The other six types of pipes are used to perform operations on the tuple streams as they pass through the pipe assemblies. This may involve operating on the individual tuples (e.g., transform or filter), on groups of related tuples (e.g., count or subtotal), or on entire streams (e.g., split, combine, group, or sort). These six pipe types are briefly introduced here, then explored in detail further below.
Each
These pipes perform operations based on the data contents
of tuples - analyze, transform, or filter. The
Each
pipe operates on individual tuples
in the stream, applying functions or filters such as
conditionally replacing certain field values, removing tuples
that have values outside a target range, etc.
You can also use Each
to split or
branch a stream, simply by routing the output of an
Each
into a different pipe or
sink.
Note that with Each
, as with other
types of pipe, you can specify a list of fields to output,
thereby removing unwanted fields from a stream.
Merge
Just as Each
can be used to split
one stream into two, Merge
can be used to
combine two or more streams into one, as long as they have the
same fields.
A Merge
accepts two or more streams
that have identical fields, and emits a single stream of tuples
(in arbitrary order) that contains all the tuples from all the
specified input streams. Thus a Merge is just a mingling of all
the tuples from the input streams, as if shuffling multiple card
decks into one.
Use Merge
when no grouping is
required (i.e., no aggregator or buffer operations will be
performed). Merge
is much faster than
GroupBy
(see below) for merging.
To combine streams that have different fields, based on
one or more common values, use CoGroup
or
HashJoin
.
GroupBy
GroupBy
groups the tuples of a
stream based on common values in a specified field.
If passed multiple streams as inputs, it performs a merge
before the grouping. As with Merge
, a
GroupBy
requires that multiple input
streams share the same field structure.
The purpose of grouping is typically to prepare a stream
for processing by the Every
pipe, which
performs aggregator and buffer operations on the groups, such as
counting, totalling, or averaging values within that
group.
It should be clear that "grouping" here essentially means sorting all the tuples into groups based on the value of a particular field. However, within a given group, the tuples are in arbitrary order unless you specify a secondary sort key.
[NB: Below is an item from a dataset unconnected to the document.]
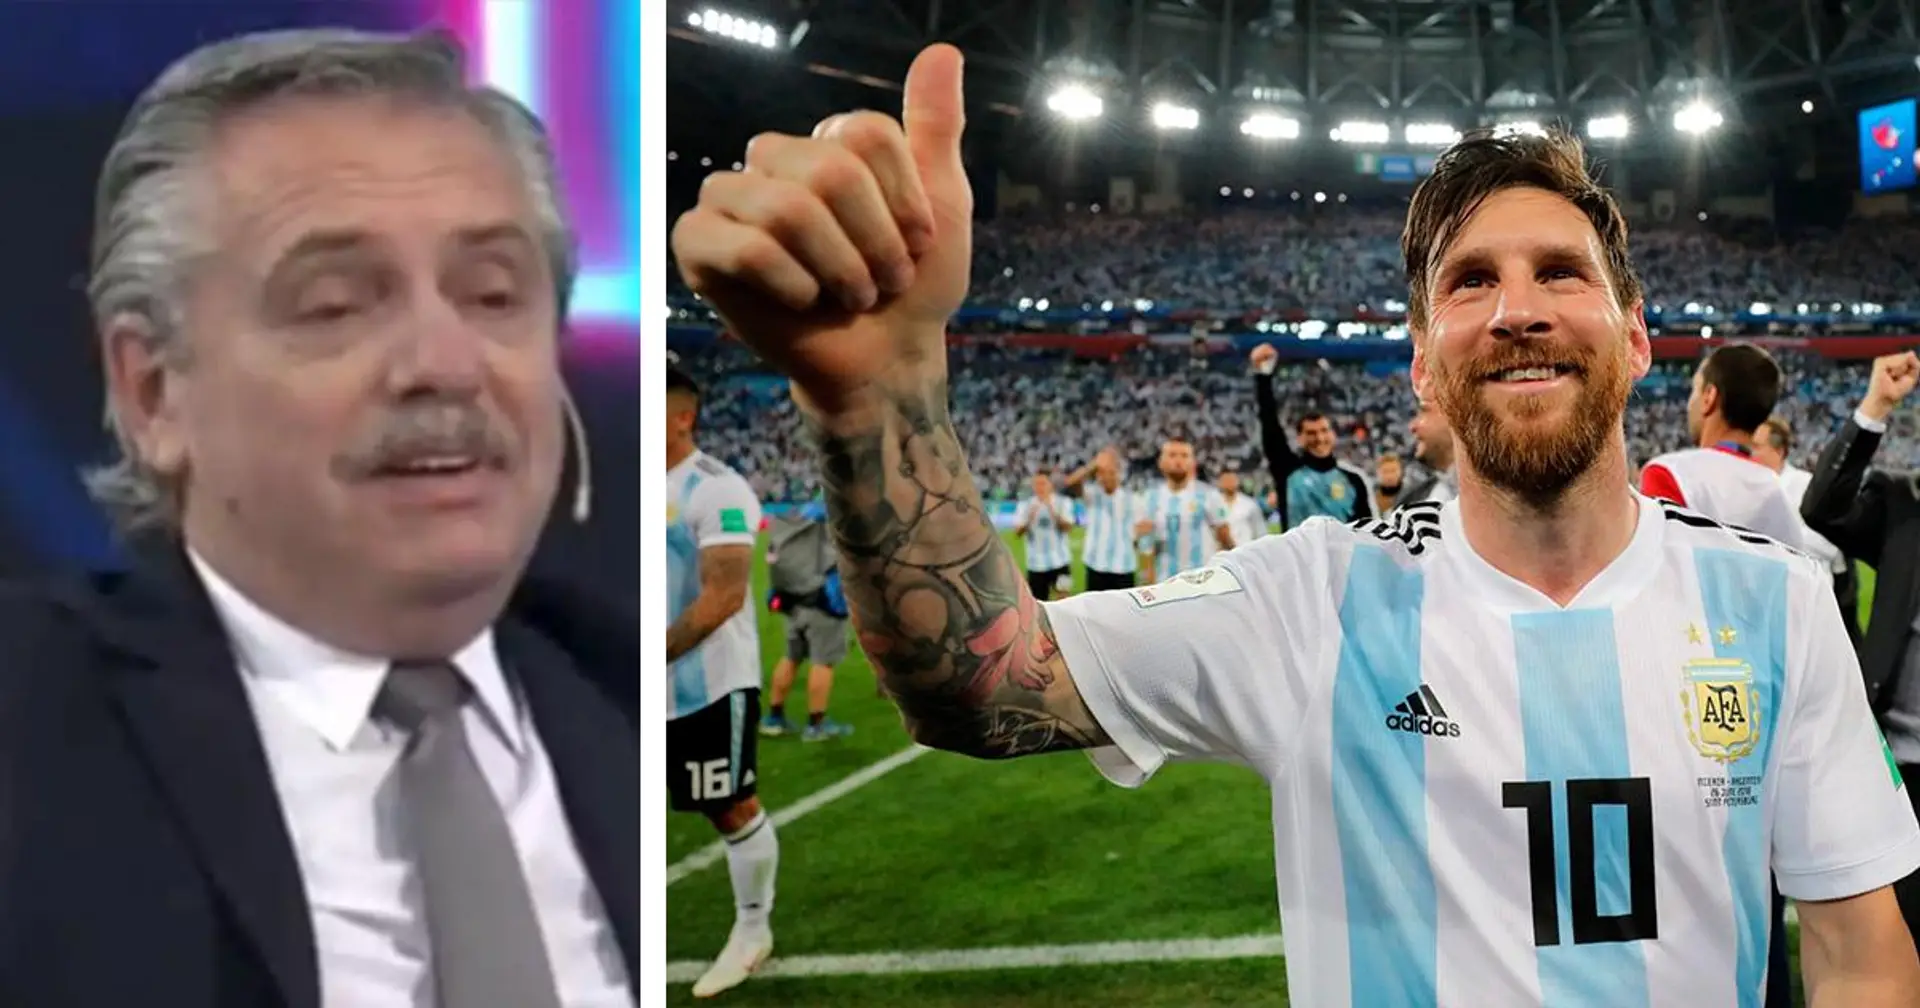 "Donnez-nous le plaisir de venir terminer votre carrière chez Newell's": Le président argentin envoie un message d'invitation à Messi

For most purposes, a secondary sort is not required and only increases the execution time.
Every
The Every
pipe operates on a tuple
stream that has been grouped (by GroupBy
or CoGroup
) on the values of a particular
field, such as timestamp or zipcode. It's used to apply
aggregator or buffer operations such as counting, totaling, or
averaging field values within each group. Thus the
Every
class is only for use on the output
of GroupBy
or
CoGroup
, and cannot be used with the
output of Each
,
Merge
, or
HashJoin
.
An Every
instance may follow
another Every
instance, so
Aggregator
operations can be chained.
This is not true for Buffer
operations.
CoGroup
CoGroup
performs a join on two or
more streams, similar to a SQL join, and groups the single
resulting output stream on the value of a specified field. As
with SQL, the join can be inner, outer, left, or right.
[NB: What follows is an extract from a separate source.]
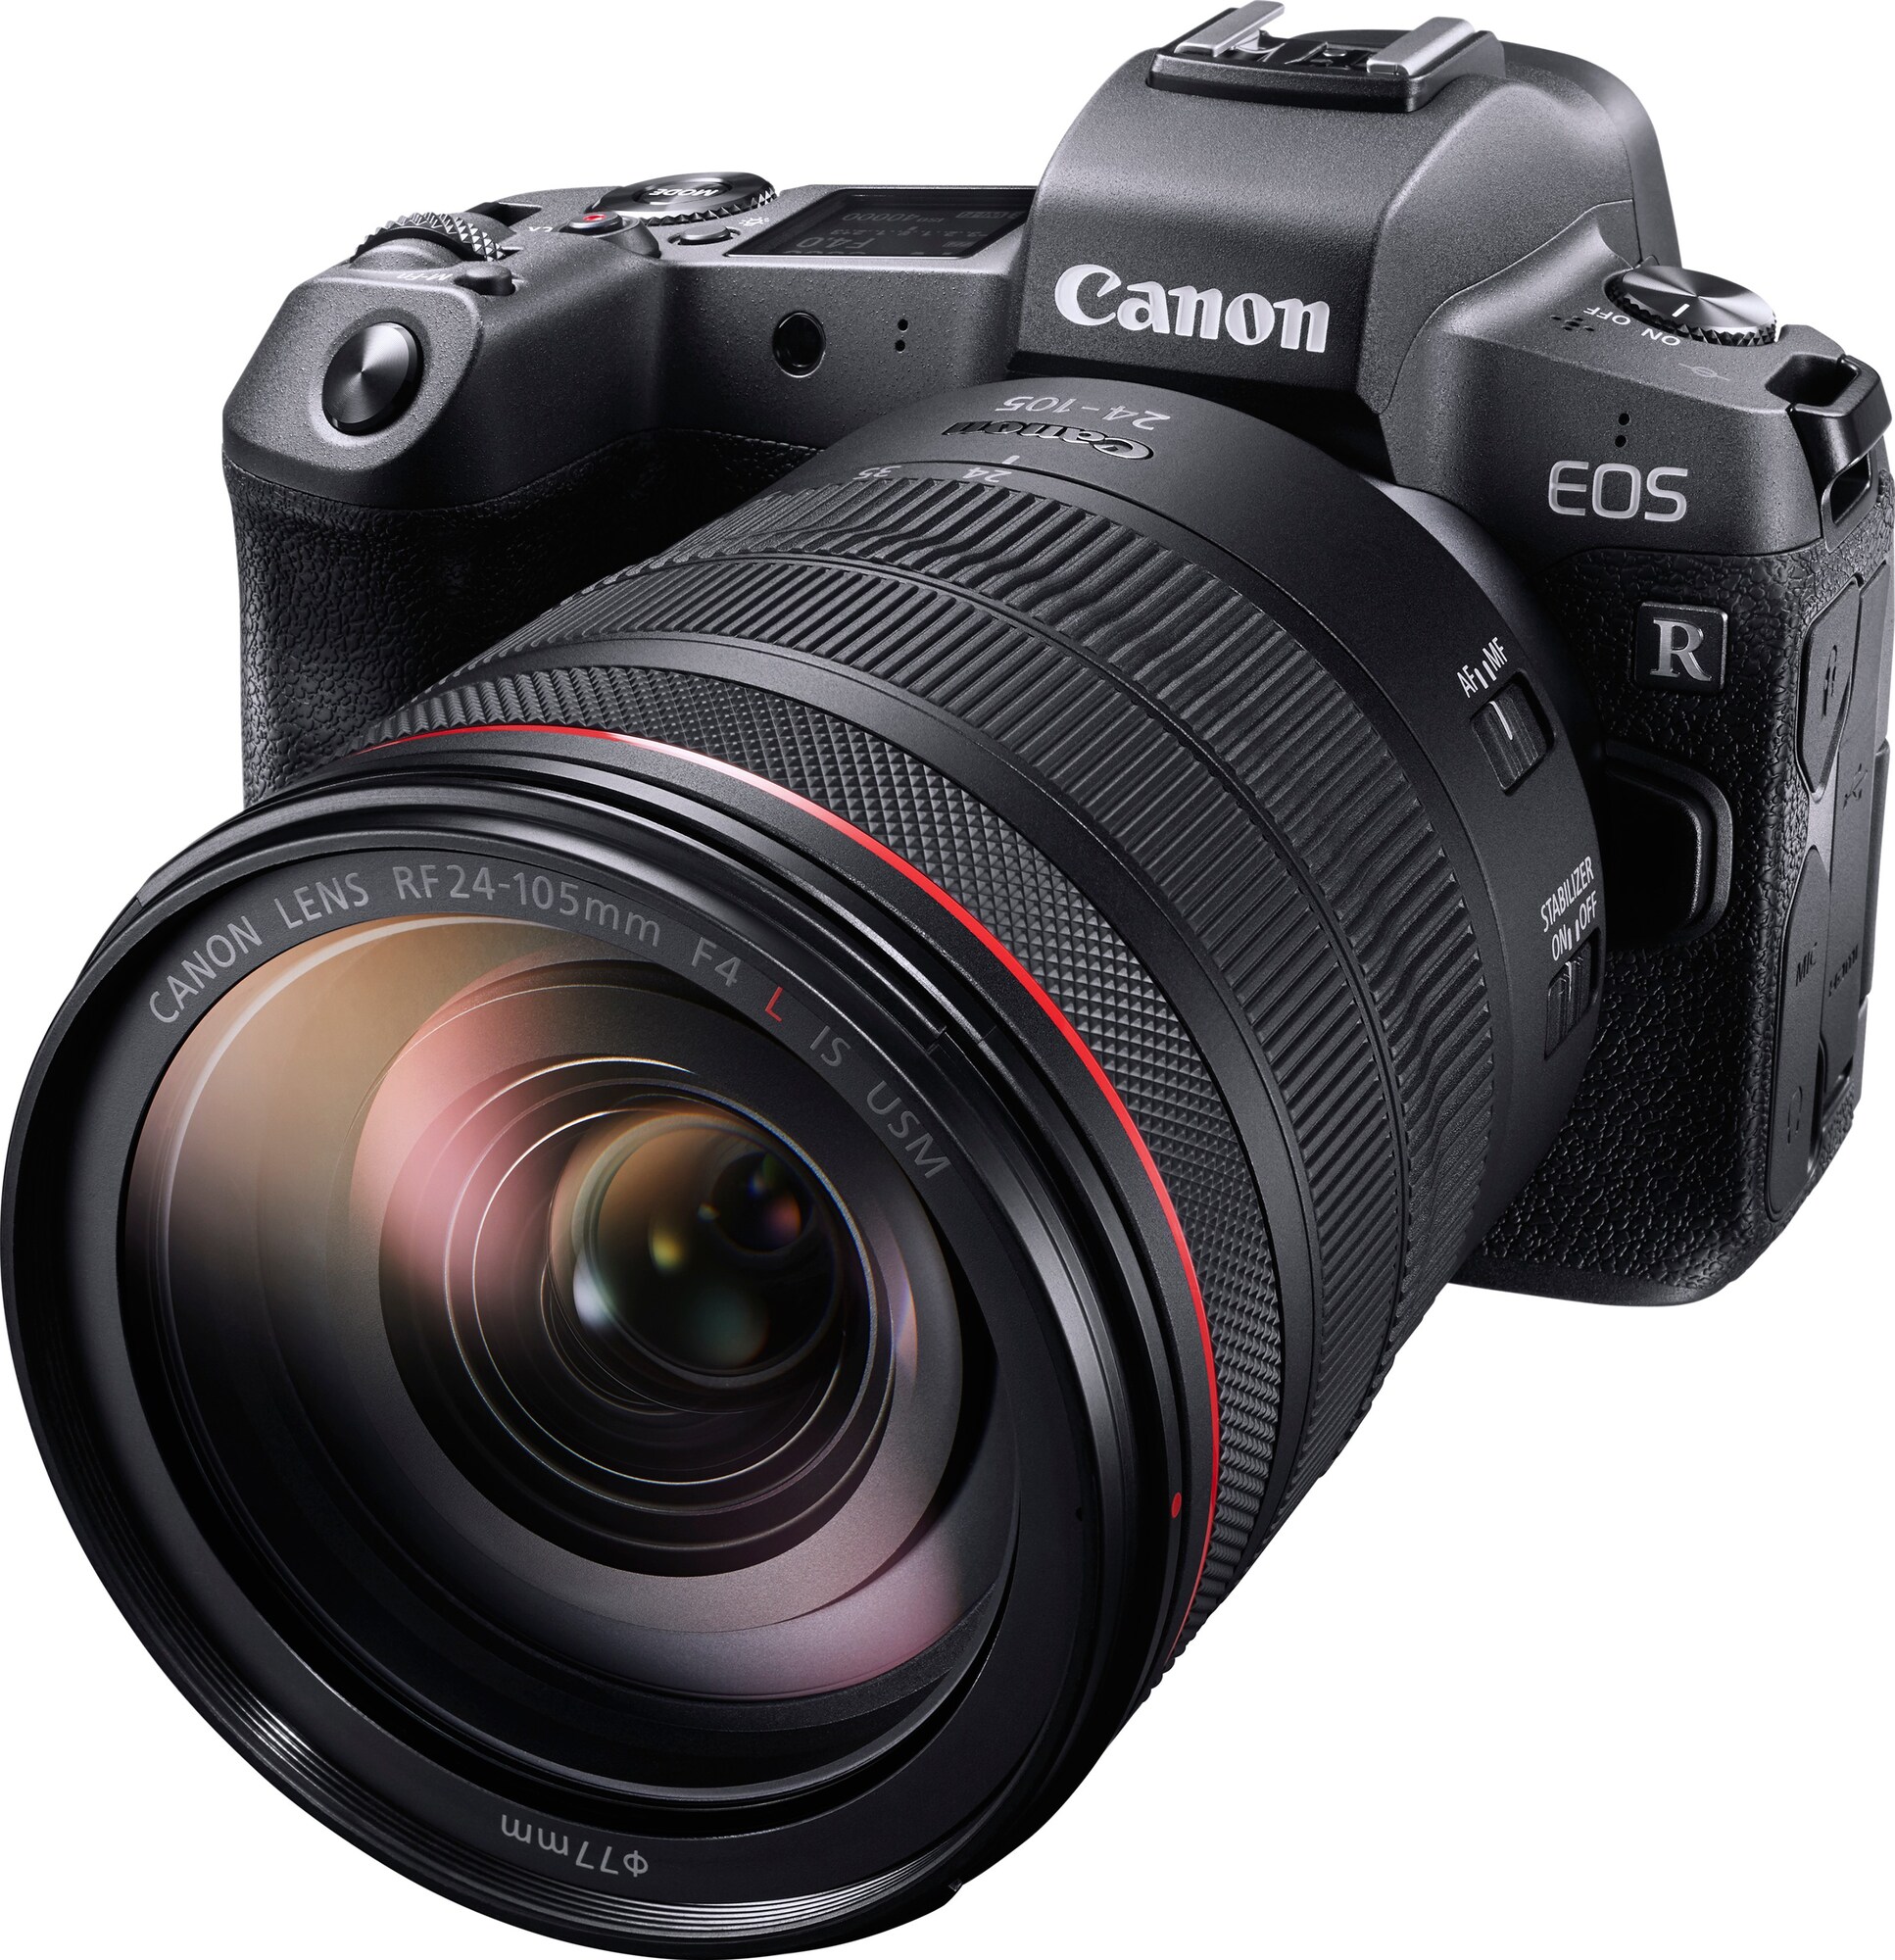 Canon EOS R peilitön kamera + RF 24-105mm objektiivi - Gigantti verkkokauppa

Self-joins are permitted, as well as mixed joins (for three or
more streams) and custom joins. Null fields in the input streams
become corresponding null fields in the output stream.
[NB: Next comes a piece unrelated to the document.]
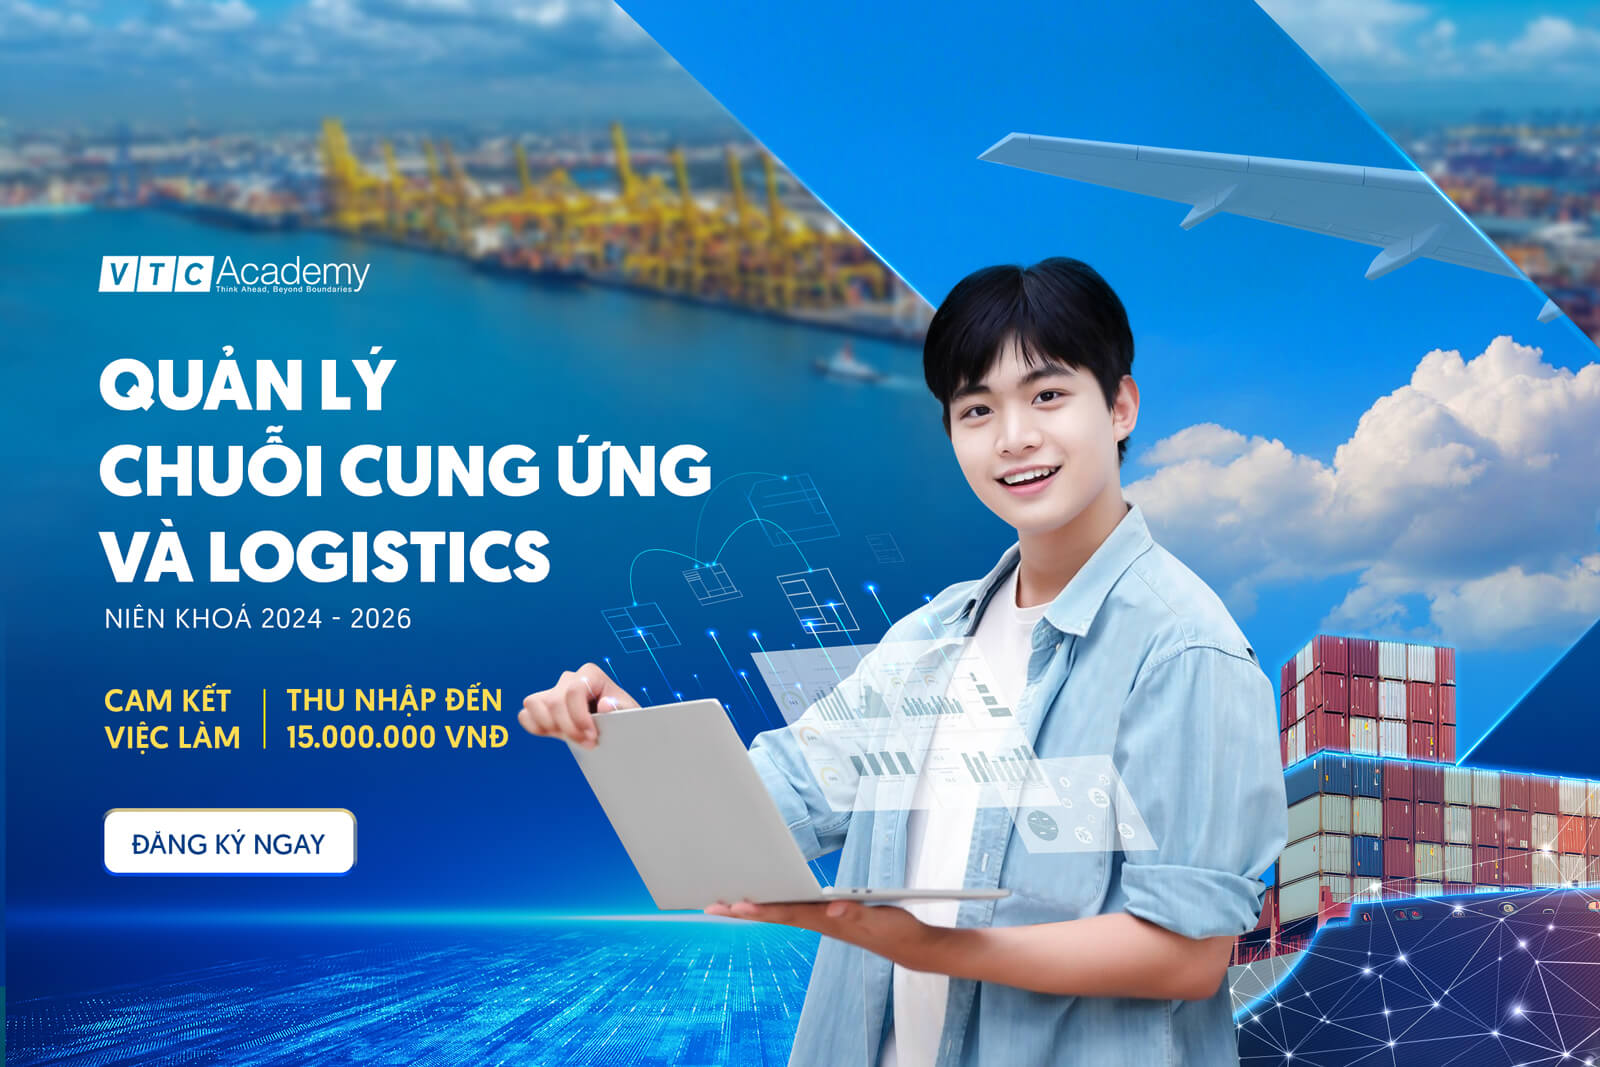 VTC Academy chính thức ra mắt ngành học mới - Quản lý chuỗi cung ứng và Logistics

The resulting output stream contains fields from all the input streams. If the streams contain any field names in common, they must be renamed to avoid duplicate field names in the resulting tuples.
HashJoin
HashJoin
performs a join on two or
more streams, similar to a SQL join, and emits a single stream
in arbitrary order. As with SQL, the join can be inner, outer,
left, or right. Self-joins are permitted, as well as mixed joins
(for three or more streams) and custom joins. Null fields in the
input streams become corresponding null fields in the output
stream.
For applications that do not require grouping,
HashJoin
provides faster execution than
CoGroup
, but only within certain
prescribed cases. It is optimized for joining one or more small
streams to no more than one large stream. Developers should
thoroughly understand the limitations of this class, as
described below, before attempting to use it.
The following table summarizes the different types of pipes.
Table 3.1. Comparison of pipe types
Pipe type | Purpose | Input | Output |
Pipe | instantiate a pipe; create or name a branch | name | a (named) pipe |
SubAssembly | create nested subassemblies | ||
Each | apply a filter or function, or branch a stream | tuple stream (grouped or not) | a tuple stream, optionally filtered or transformed |
Merge | merge two or more streams with identical fields | two or more tuple streams | a tuple stream, unsorted |
GroupBy | sort/group on field values; optionally merge two or more streams with identical fields | two or more tuple streams with identical fields | a single tuple stream, grouped on key field(s) with optional secondary sort |
Every | apply aggregator or buffer operation | grouped tuple stream | a tuple stream plus new fields with operation results |
CoGroup | join 1 or more streams on matching field values | one or more tuple streams | a single tuple stream, joined on key field(s) |
HashJoin | join 1 or more streams on matching field values | one or more tuple streams | a tuple stream in arbitrary order |
The Each
and Every
pipes perform operations on tuple data - for instance, perform a
search-and-replace on tuple contents, filter out some of the tuples
based on their contents, or count the number of tuples in a stream
that share a common field value.
Here is the syntax for these pipes:
new Each( previousPipe, argumentSelector, operation, outputSelector )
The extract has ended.